SOURCE DATA

* * *

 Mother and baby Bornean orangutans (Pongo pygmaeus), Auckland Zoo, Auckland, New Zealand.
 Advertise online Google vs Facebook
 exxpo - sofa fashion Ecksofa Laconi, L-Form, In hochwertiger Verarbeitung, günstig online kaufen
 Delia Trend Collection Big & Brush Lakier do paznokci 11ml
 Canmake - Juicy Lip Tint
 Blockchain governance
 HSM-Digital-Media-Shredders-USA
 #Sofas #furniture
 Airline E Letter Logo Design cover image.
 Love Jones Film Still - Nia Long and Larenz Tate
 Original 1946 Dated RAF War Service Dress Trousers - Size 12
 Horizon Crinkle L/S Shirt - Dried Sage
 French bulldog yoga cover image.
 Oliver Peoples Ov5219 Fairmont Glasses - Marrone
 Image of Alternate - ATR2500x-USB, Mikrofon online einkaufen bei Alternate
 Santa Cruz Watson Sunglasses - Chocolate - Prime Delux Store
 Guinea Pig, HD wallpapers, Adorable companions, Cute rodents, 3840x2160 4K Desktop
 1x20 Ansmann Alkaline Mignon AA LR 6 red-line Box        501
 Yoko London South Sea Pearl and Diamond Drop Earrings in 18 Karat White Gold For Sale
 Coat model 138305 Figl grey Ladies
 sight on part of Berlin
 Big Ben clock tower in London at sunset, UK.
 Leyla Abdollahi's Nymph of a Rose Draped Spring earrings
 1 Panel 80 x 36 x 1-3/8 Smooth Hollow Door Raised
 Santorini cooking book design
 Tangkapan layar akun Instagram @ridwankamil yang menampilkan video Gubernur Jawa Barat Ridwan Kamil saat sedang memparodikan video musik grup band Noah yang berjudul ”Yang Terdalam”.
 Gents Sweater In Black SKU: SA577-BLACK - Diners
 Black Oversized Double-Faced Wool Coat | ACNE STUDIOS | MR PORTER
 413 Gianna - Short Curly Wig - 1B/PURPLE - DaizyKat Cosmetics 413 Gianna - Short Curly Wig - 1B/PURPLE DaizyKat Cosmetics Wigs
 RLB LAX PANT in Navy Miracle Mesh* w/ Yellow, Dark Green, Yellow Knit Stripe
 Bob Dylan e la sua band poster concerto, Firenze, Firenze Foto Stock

* * *

PROBLEM DESCRIPTION
Write out every line in the data that holds the string "London".

ANSWER FOR THE TASK
 Yoko London South Sea Pearl and Diamond Drop Earrings in 18 Karat White Gold For Sale
 Big Ben clock tower in London at sunset, UK.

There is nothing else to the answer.